In this talk we present The Aerialsoftware-defined GPU-based cloud native 5G NR RAN platform. Aerial implements not only 5G NR the baseband signal processing, but using GPU virtualization supports additional concurrently operating workloads, such as AI/ML inference, training and data analytics on this one hyper converged system. We provide an overview of the L1 signal processing pipeline and describe efficient mechanisms for data movement between the GPU and NIC-based fronthaul interface using a GPU-enabled Data Plane Development Kit (DPDK). A brief survey of some of the promising deep learning approachesfor L1 and L2 enhancements is presented.


To realize the Industry’s vision of an AI/ML powered wireless future, a full stack solution, spanning silicon to application development frameworks.

This platform is the nexus for future generation wireless that will be built on the foundation of artificial intelligence and machine learning for the vRAN itself and also for the application layer.

Day-4: 16th September 2021, 8am-12pm PST

Title of the Lecture: Building low latency and low power Smart City Applications

Computer vision and machine learning technology have advanced considerably in the past few years and are now being fused together to create a Smarter World of solutions that will soon improve our lives.
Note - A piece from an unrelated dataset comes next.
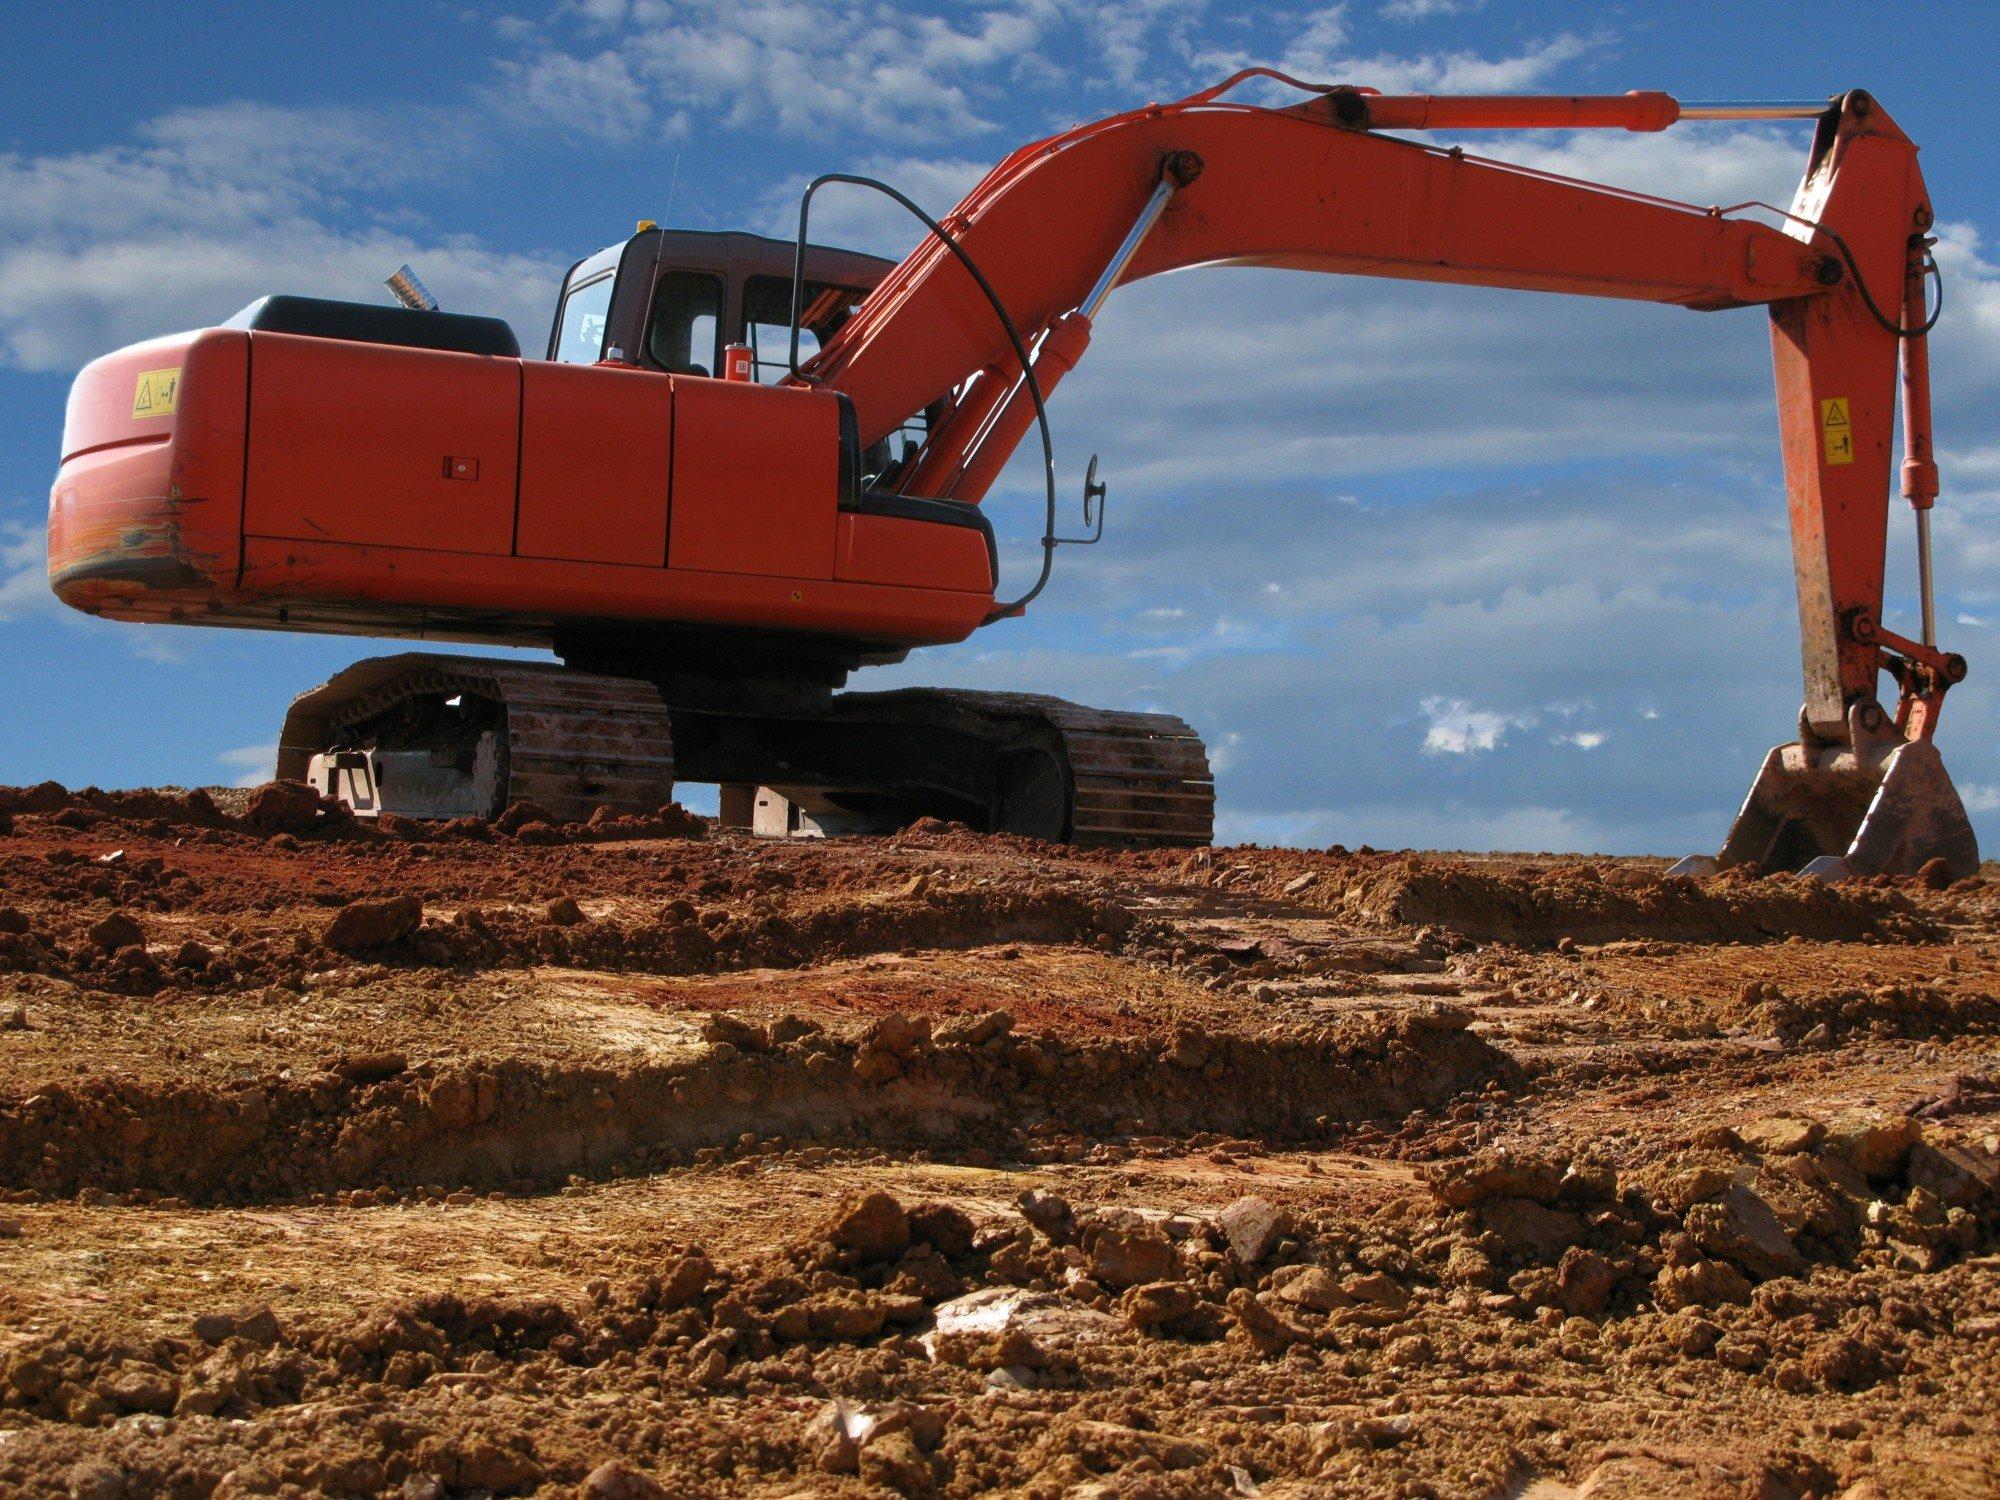 Хидравлични масла IP Italiana Petroli за строителни машини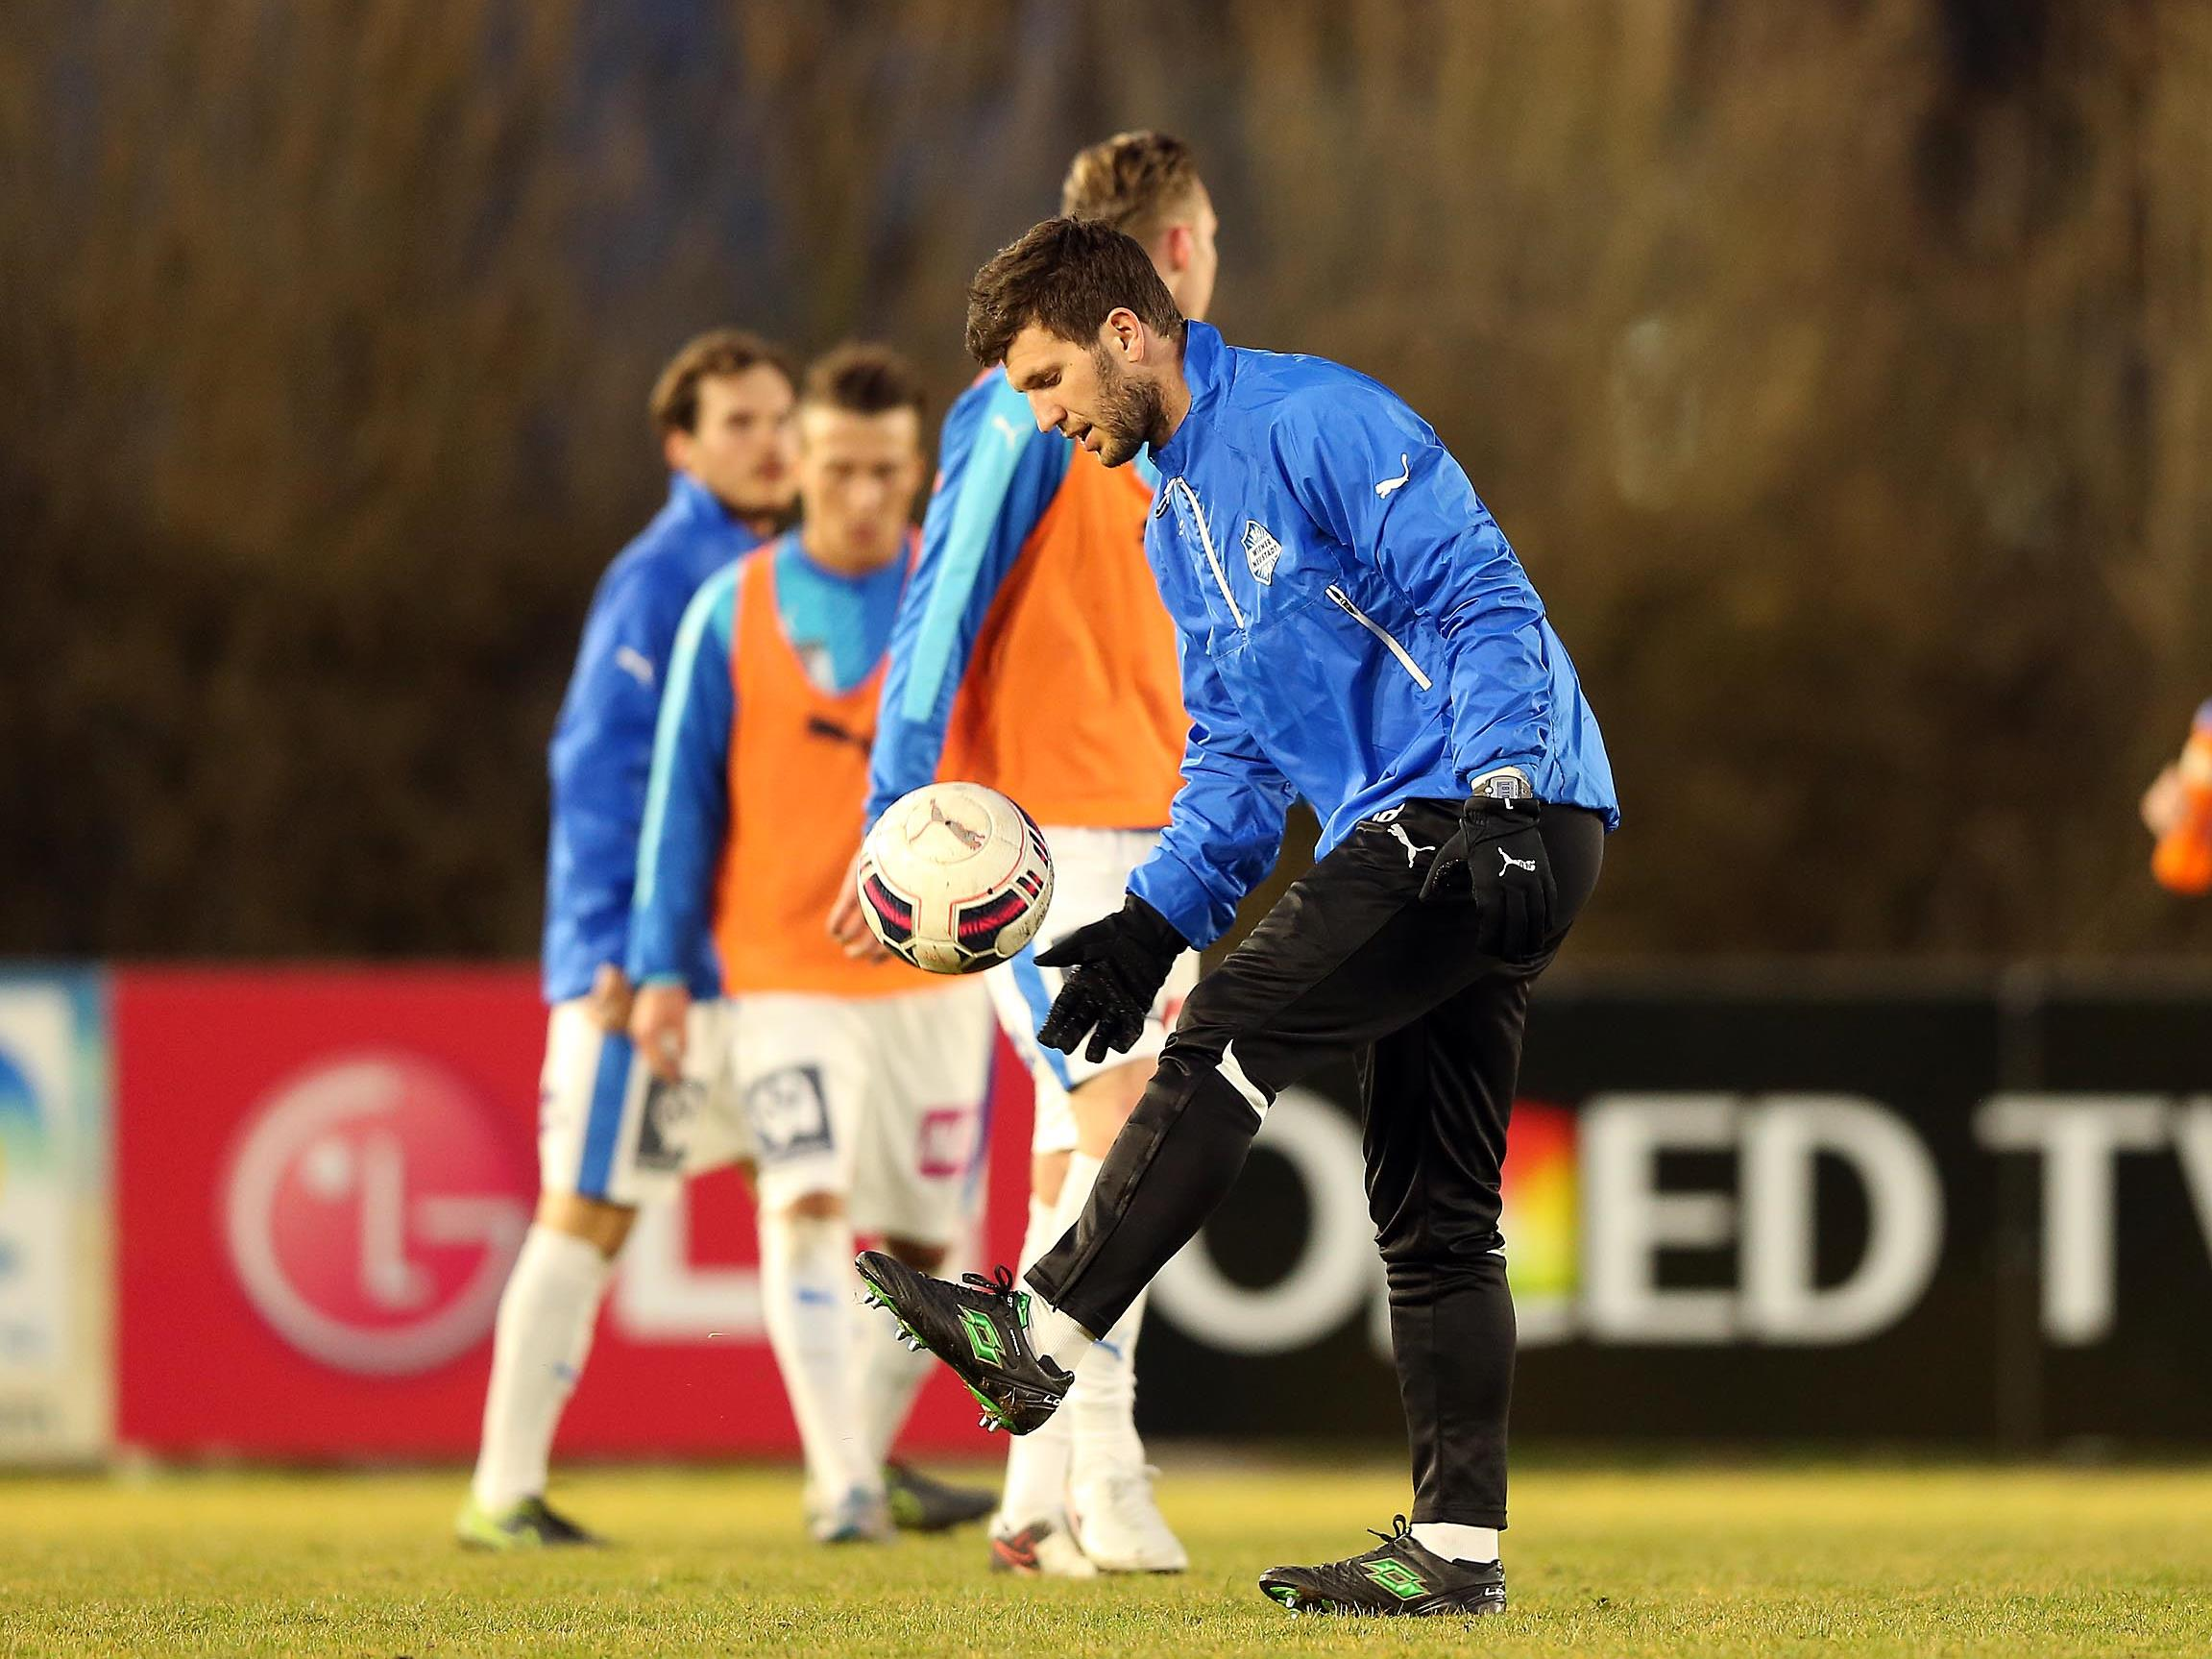 Andreas Schicker bekleidet ab sofort das Amt des Sportdirektors.

For example, collectively retail stores lose billions of dollars annually, the National Retail Federation estimates that it was up to $60B in 2019. From Smart Cities to Factories, Hospitals, and Buildings, our world is experiencing an explosion of computational power being applied to real-time video analytics. Imagine a missing child is spotted by a SmartCity application and returned to their parents. In a hospital setting, the application monitoring the cameras in a patient’s room alerts the staff to a critical situation minutes or even seconds earlier. However, the entire end-to-end pipeline needs to be built for supporting low latency and low power for the edge where Smart city applications reside. Wireless 5G networks provide the fabric on which the video and AI/ML-driven computations and results travel. With latency targets for these smart technologies in the 10s of milliseconds, no other broadband network is up to the task. ML and video, combined with 5G, are making the Smart City solution deployable and more cost-effective. In this presentation, we will discuss what technologies are available to build the optimal Smart City solutions and what the differences are.

Day-5: 17th September 2021, 8am-12pm PST

Title of the Lecture: Machine Learning for Next Generation Wireless Communication Systems 5G/6G

With the emergence of fifth-generation (5G) networks, there has been a shift in the research focus towards exploring new technologies for the next-generation communication systems, sixth-generation (6G). The potential target expectations from 6G are to achieve even higher data rates, further reduction in latency and ultra massive machine type connection density compared to 5G. In this search for new technologies, there has been a significant interest in applying machine learning and artificial intelligence to communication systems.

In this lecture, we motivate the AI/ML for wireless communications by starting with simple machine learning applications and similarities to communication use cases. During the course, you will learn about various wireless communication system blocks and the application of ML to them. We cover the applications at the physical and higher layers at both the base station and user equipment of the wireless communication system. Later we briefly discuss the possibility of an end-to-end conventional communication system replaced by an ML-trained communication system. We will observe that ML/AI does not give benefits all the time.

In the later part of this lecture, we cover model-based and model-free systems and how they evolve with continuous improvements. We will further discuss and exercise a step-by-step procedure on designing an ML application for a wireless communication system with the constraints of complexity, timing, performance, and training requirements.

By the end of this lecture, you will have learned about various blocks of communication systems that ML-trained systems can replace and where to apply and where not to apply ML/AI in wireless communication systems.